Trajectory Optimization Using Neural Networks
Haoran Tang, Xi Chen, Yan Duan, Nikhil Mishra, Shiyao Wu, Maximilian Sieb, Yide Shentu
U.S. Patent Application 17/193,820
Various embodiments of the technology described herein generally relate to systems and methods for trajectory optimization with machine learning techniques. More specifically, certain embodiments relate to using neural networks to quickly predict optimized robotic arm trajectories in a variety of scenarios. Systems and methods described herein use deep neural networks to quickly predict optimized robotic arm trajectories according to certain constraints. Optimization, in accordance with some embodiments of the present technology, may include optimizing trajectory geometry and dynamics while satisfying a number of constraints, including staying collision-free, and minimizing the time it takes to complete the task.
Training Artificial Networks for Robotic Picking
Yan Duan, Haoran Tang, Yide Shentu, Nikhil Mishra, Xi Chen
U.S. Patent Application 17/014,558
Various embodiments of the present technology generally relate to robotic devices and artificial intelligence. More specifically, some embodiments relate to an artificial neural network training method that does not require extensive training data or time expenditure. The few-shot training model disclosed herein includes attempting to pick up items and, in response to a failed pick up attempt, transferring and generalizing information to similar regions to improve probability of success in future attempts. In some implementations, the training method is used to robotic device for picking items from a bin and perturbing items in a bin. When no picking strategies with high probability of success exist, the robotic device may perturb the contents of the bin to create new available pick-up points. In some implementations, the device may include one or more Computer-vision systems.

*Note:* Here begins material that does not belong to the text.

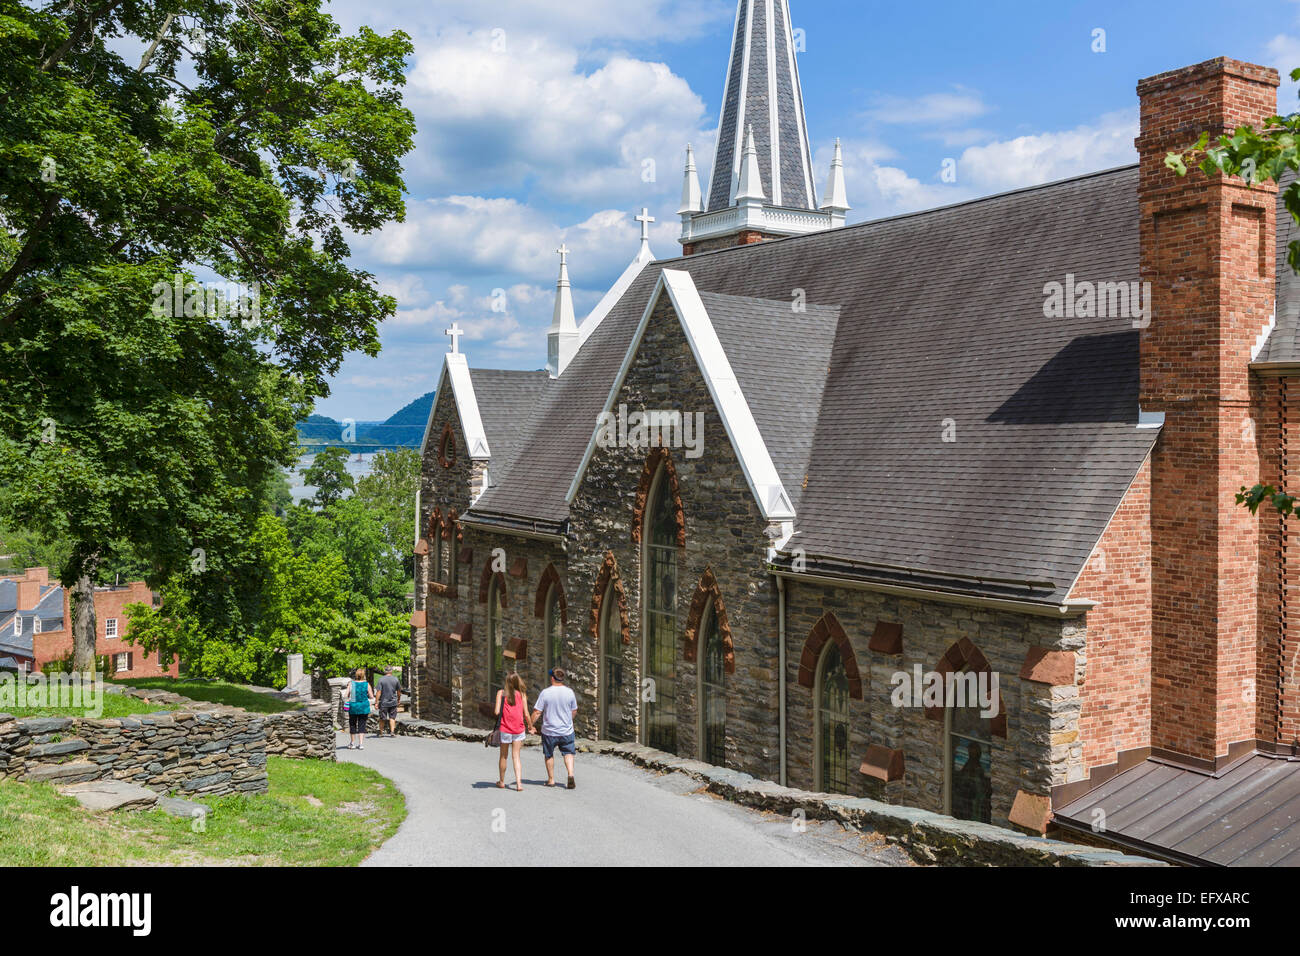 St Peter's Roman Catholic church in historic Harpers Ferry, Harpers Ferry National Historical Park, West Virginia, USA Stock Photo

Systems and methods for robotic picking
Yan Duan, Xi Chen, Mostafa Rohaninejad, Nikhil Mishra, Yu Xuan Liu, Andrew Amir Vaziri, Haoran Tang, Yide Shentu, Ian Rust, and Carlos Florensa
U.S. Patent Application 17/014,545
Various embodiments of the present technology generally relate to robotic devices and artificial intelligence. More specifically, some embodiments relate to a robotic device for picking items from a bin and perturbing items in a bin. In some implementations, the device may include one or more computer-vision systems. A computer-vision system, in accordance with the present technology, may use at least two two-dimensional images to generate three-dimensional (3D) information about the bin and items in the bin. Based on the 3D information, a strategy for picking up items from the bin is determined. When no strategies with high probability of success exist, the robotic device may perturb the contents of the bin to create new available pick-up points and re-attempt to pick up an item.
This video, produced by the Covariant marketing team to celebrate National Robotics Week (2023), features some projects that I participate(d) in.
00:00 ~ 00:03: Robotic kitting
00:03 ~ 00:07: Robotic putwall
00:07 ~ 00:18: Dense packing
I am currently working on the Robotic Kitting project at Covariant. This complex system presents many AI challenges: diverse objects, high throughput, and near-zero tolerance for error. I create multiple innovations to address such challenges.